Directions ▸ Please, could you print all the lines below exactly, leaving out the pictures?

Data excerpt ▸

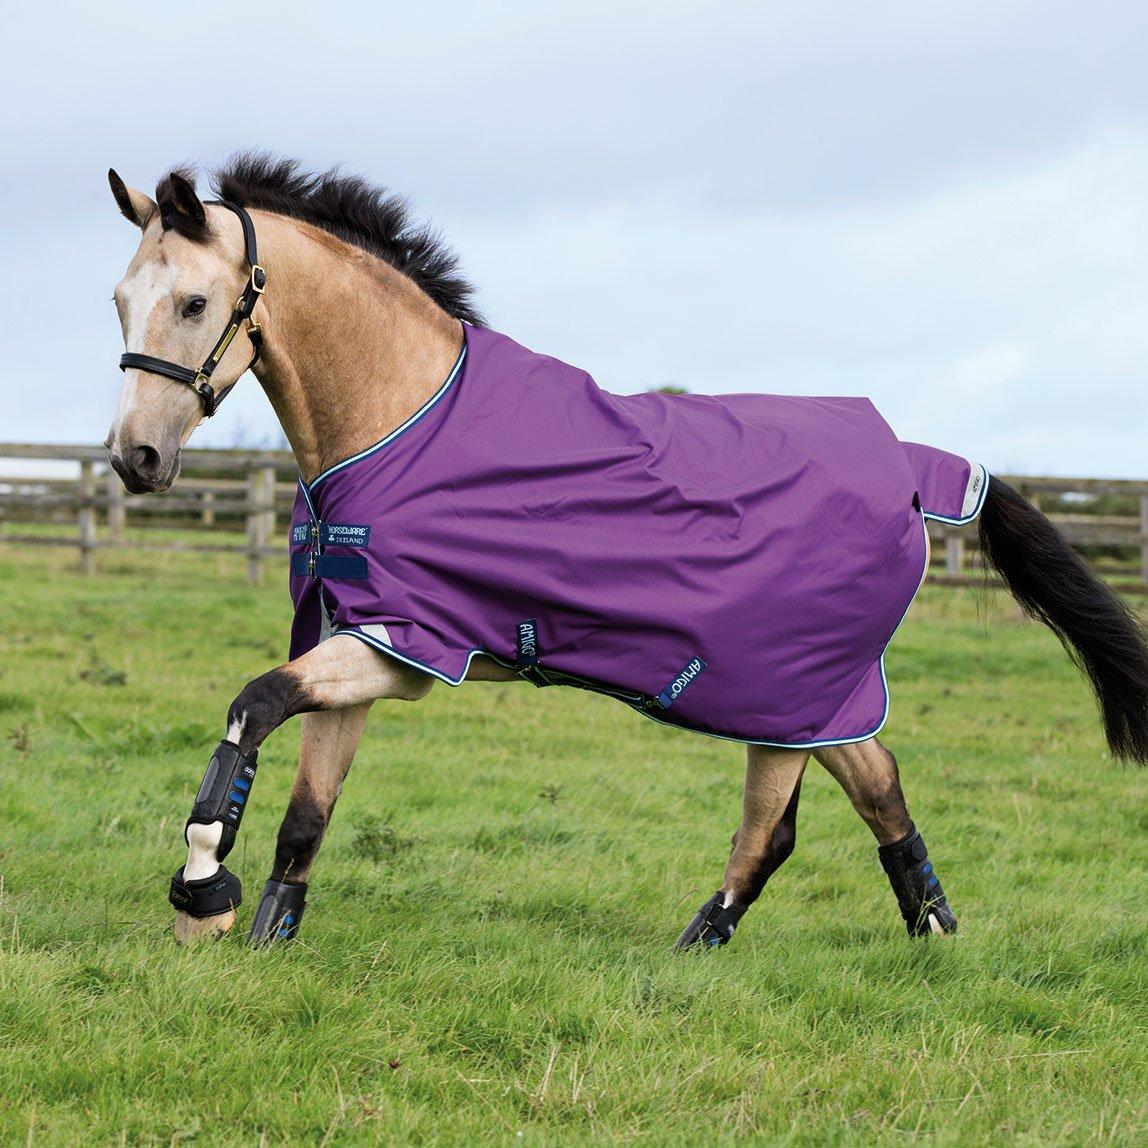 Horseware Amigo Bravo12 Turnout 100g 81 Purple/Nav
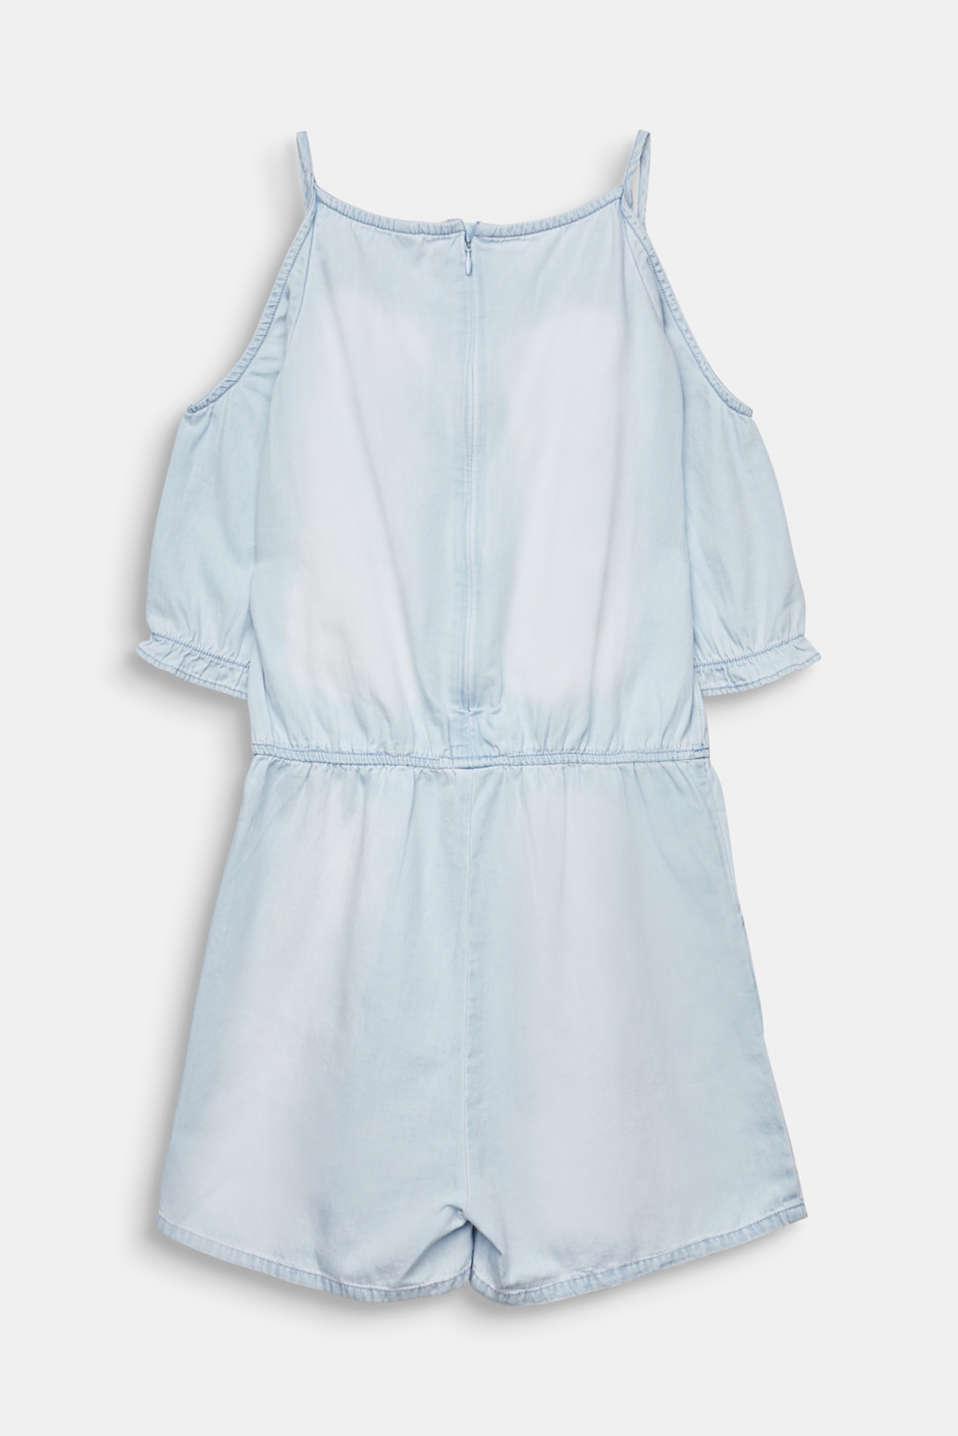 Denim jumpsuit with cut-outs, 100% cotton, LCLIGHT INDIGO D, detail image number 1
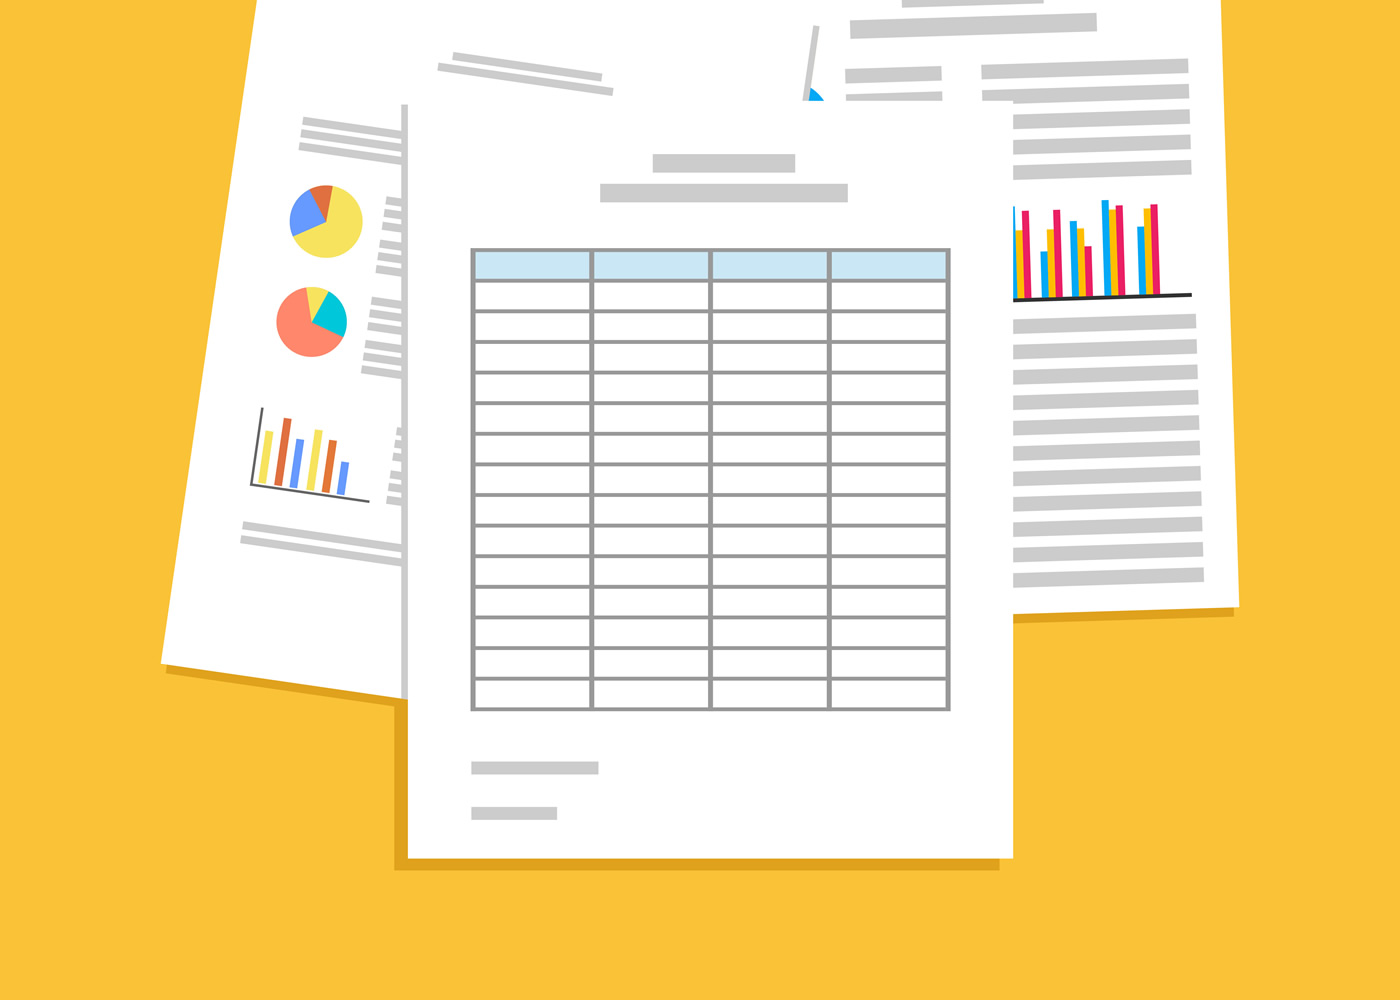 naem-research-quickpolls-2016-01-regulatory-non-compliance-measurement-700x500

Response to the task ▸
 Horseware Amigo Bravo12 Turnout 100g 81 Purple/Nav
 Denim jumpsuit with cut-outs, 100% cotton, LCLIGHT INDIGO D, detail image number 1
 naem-research-quickpolls-2016-01-regulatory-non-compliance-measurement-700x500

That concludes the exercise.